Loans with longer tenure exceeding 30 years (or 25 years for Housing Development floor flats), or where the loan period extends beyond the borrower's age of 65 years, face even tighter LTV limits of 55%, 25% and 15% for the 3 respective categories above. The LTV limit for housing loans to non-individuals is 15%.

  • Imposing minimum cash payment of:
  • 5% of the valuation limit, for buyers who have no outstanding housing loans at the time of applying for a housing loan for a new property purchase, where the loan-to-value limit is 75%;
  • 10% of the valuation limit, for buyers who have no outstanding housing loans at the time of applying for a housing loan for a new property purchase, where the loan-to-value limit is 55%;
  • 25% of the valuation limit for buyers who have one or more outstanding housing loans at the time of applying for a housing loan for a new property purchase
  • In addition, a total debt servicing ratio (TDSR) of 55% of the borrower's monthly income is imposed on property loans extended by institutional lenders where the option to purchase the property is granted on or after 16 December 2021. The method for computing the TDSR is standardized and institutional lenders are required to:
  • Take into account the monthly repayment for the property loan for which the borrower is applying plus the monthly repayments on all other outstanding property and non-property debt obligations of the borrower
  • Apply a specified medium-term interest rate to the property loan for which the borrower is applying when calculating the TDSR
  • Apply a haircut of at least 30% to all variable income (e.g., bonuses) and rental income
  • Apply haircuts to and amortize the value of any eligible financial assets taken into consideration in assessing the borrower’s debt servicing ability to convert them into “income streams” in computing the TDSR
  • TDSR rules apply to all loans applied on or after 29 June 2013 by individuals. It does not apply to loans for companies, as they are subject to a different set of credit assessment criteria. However, financial institutions are required to apply TDSR rules to the individual if the borrower is a sole proprietor or an individual setting up a company solely to purchase property.
Who usually produces the documentation in real estate transactions?

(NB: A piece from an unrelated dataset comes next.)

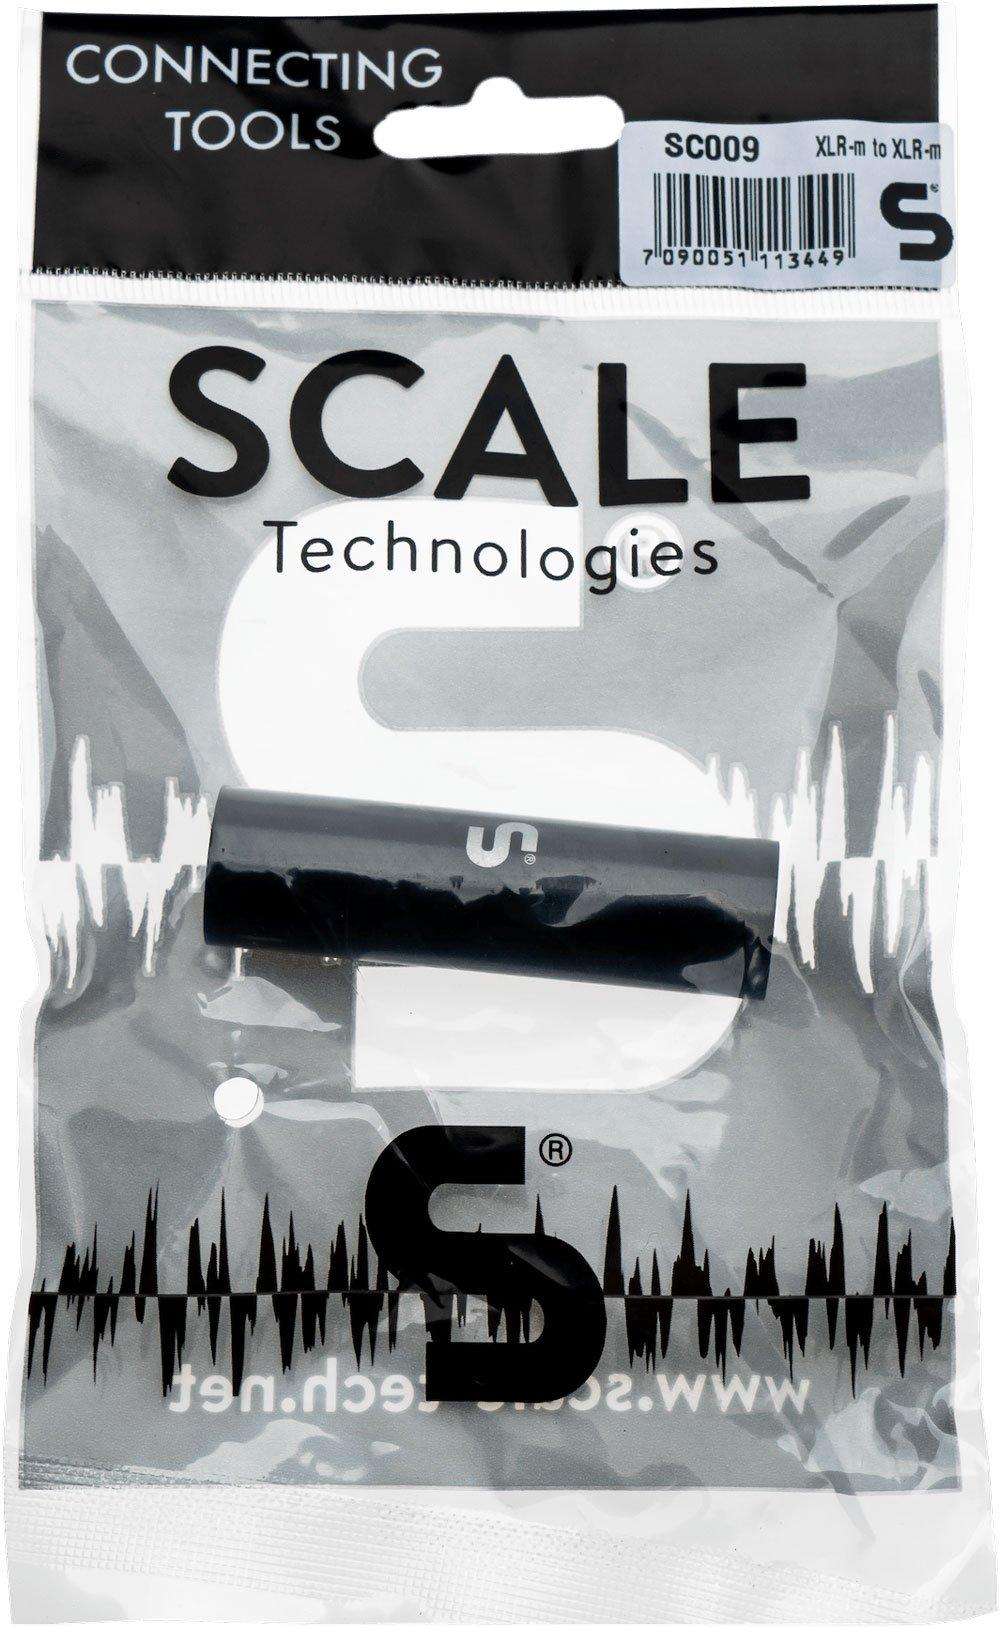 Scale Technologies SC009 - XLR Male to XLR Male Adapte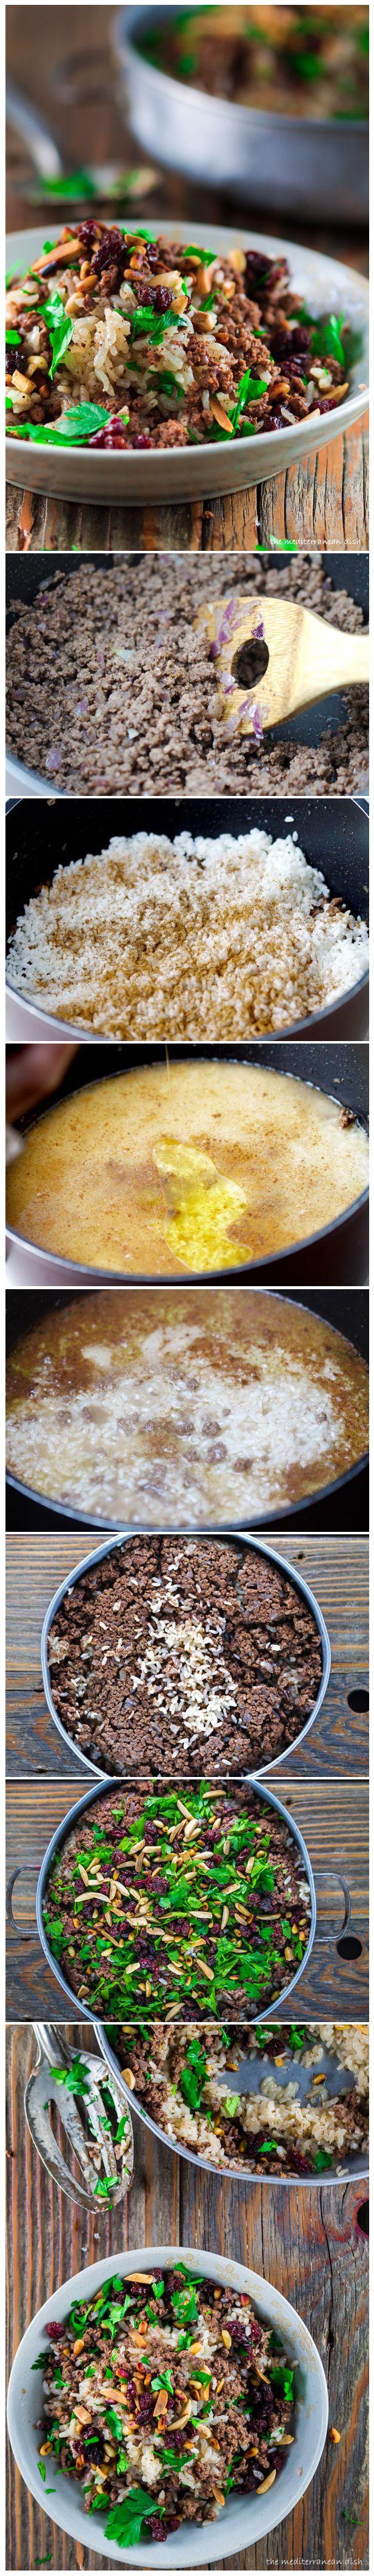 Mediterranean Hashweh Rice with Beef, Nuts, and Raisins

Generally, the seller’s lawyer will prepare the initial draft of the purchase agreement and the landlord's lawyer will provide the initial draft of the lease agreement.

Can an owner or occupier inherit liability for matters relating to the real estate even if they occurred before the real estate was bought or occupied?

Depending on the type of liability in question, the general rule is caveat emptor unless the contract otherwise provides. The contract may apportion the risk between the parties or require the vendor to disclose any inherent liabilities.

Does a seller or occupier retain any liabilities relating to the real estate after they have disposed of it?

This would depend on the liability in question such as contractual liability in respect of an obligation that has not been performed.